My wife and I moved into a house with her son and his wife. Our son-in-law and his wife signed the lease. My wife and I did not sign the lease but we are on the lease as “tenants”. Does this give the lease signing parties the right to declare themselves “head of household” or “man of the house”. Such giving them the right to a final say in household matters?

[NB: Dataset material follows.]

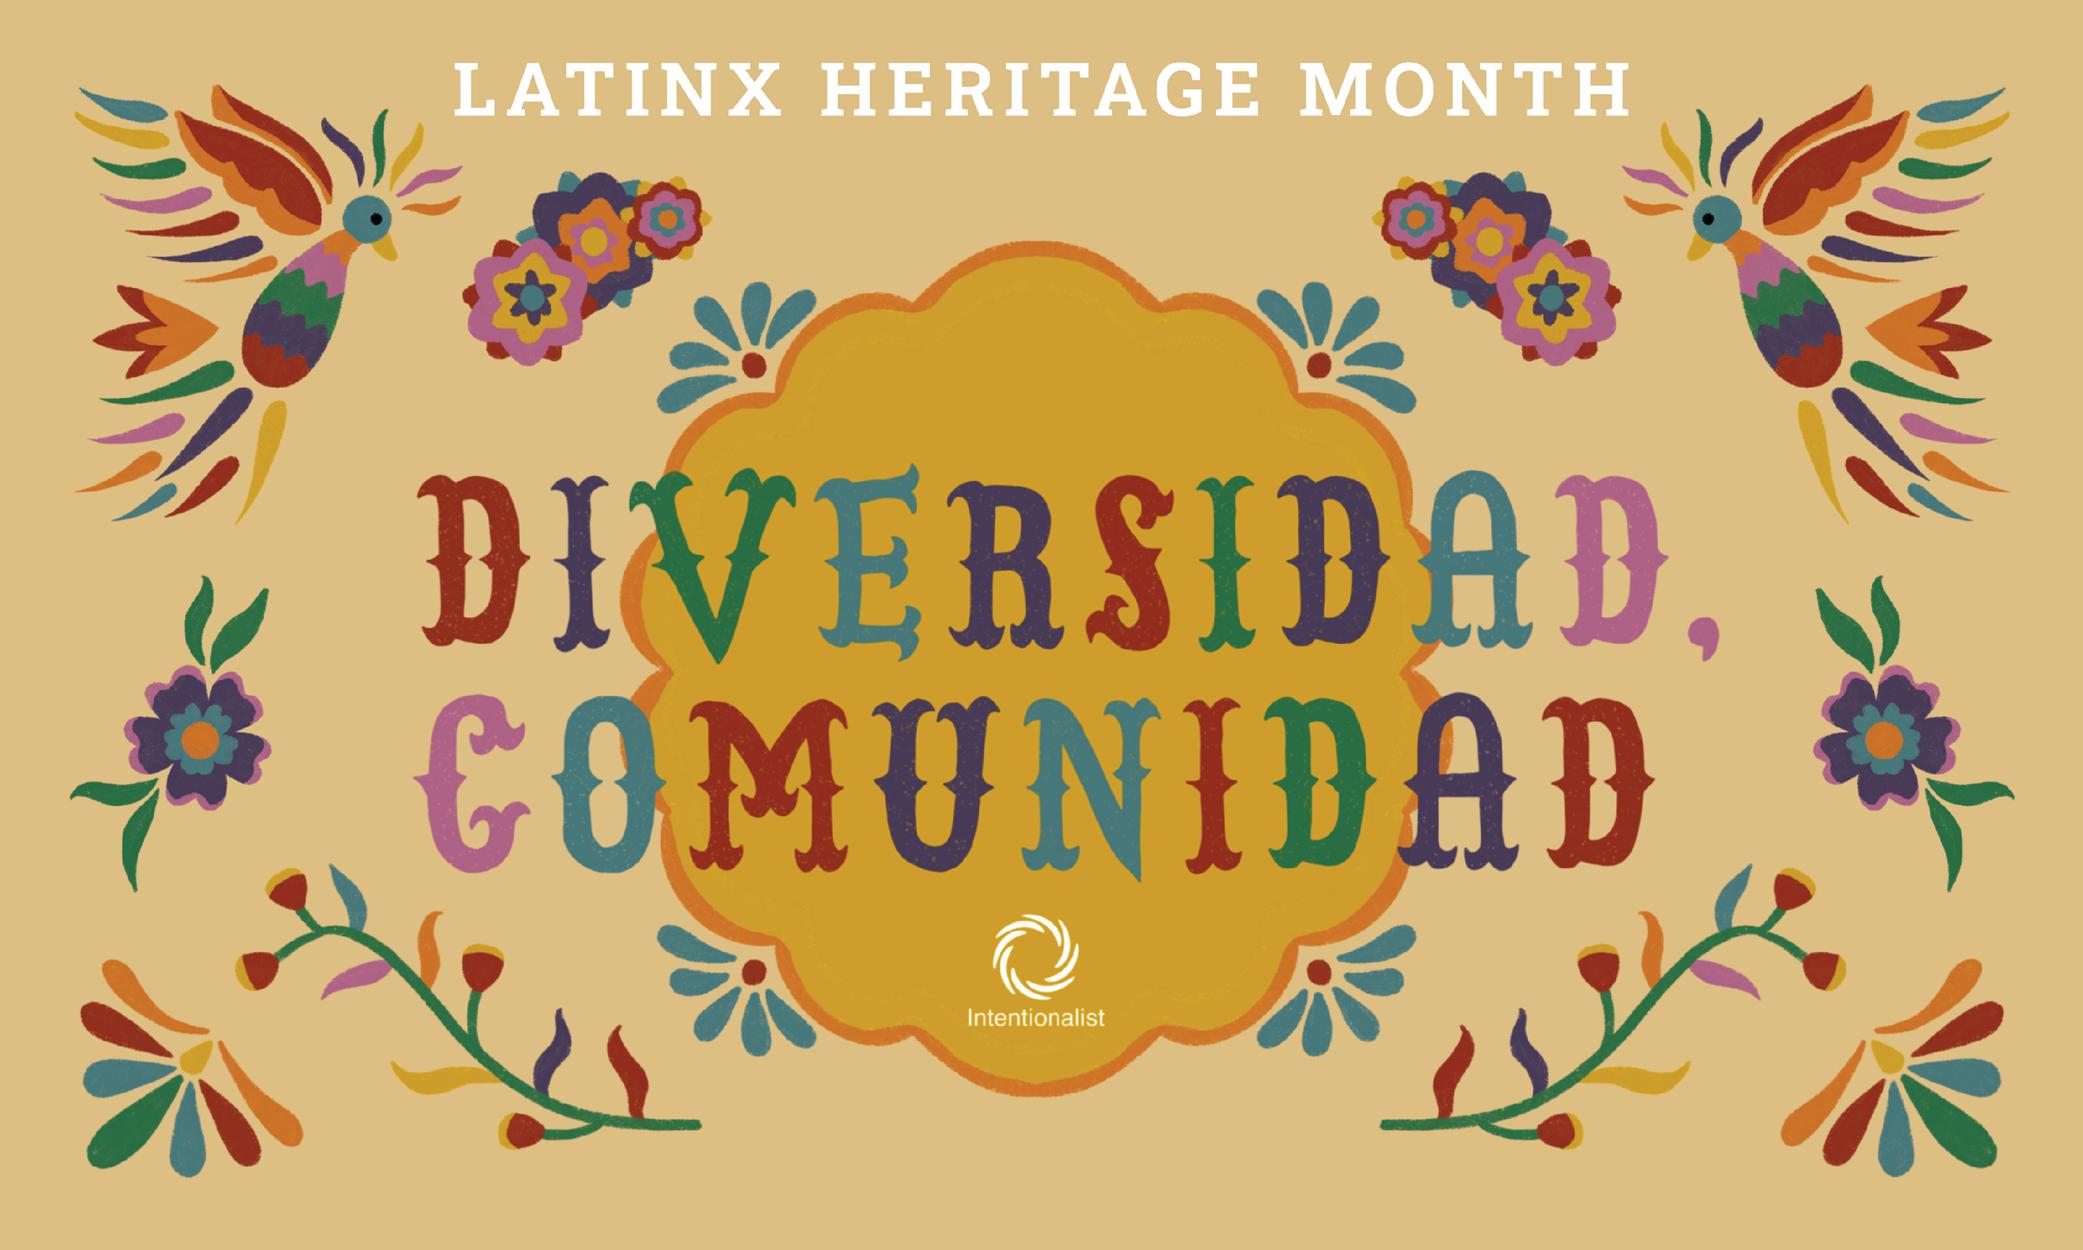 Latinx Heritage Month: Diversidad, Communidad

Also, does this give lease signing party the right to evict “tenants”?

Asked on November 25, 2012 under Real Estate Law, Pennsylvania

Answers:

Gregory Abbott / Consumer Law Northwest

Answered 9 years ago | Contributor

I am a little confused when you say that you did not sign the lease but are listed on it as "tenants" - I am guessing that means that you are simply listed as additional occupants as well as the signer(s) of the lease.  Regardless, the lease itself establishes the legal relationship between the owner/manager (landlord) and the person(s) taking responsibility for renting the property.  It does nothing to establish the relationship between the persons occupying the residence.  "Head of Household" or "Man of the House" are meaningless terms, legally speaking.  The relationship between the residents of the home is up to them to mutually agree upon (assuming all are of age) and you have just as much "say" as any other resident.  In the end, you all either agree or decide you can't live together comfortably and part ways.  Assuming you contribute to payment of the rent and/or household expenses, you have just as much right to live there as someone who signed the lease meaning they have no right to evict you without legal cause.  Again, in the end, if all of you cannot successfully live together, the remedy is for one or more of you to move out.  Hope this helps.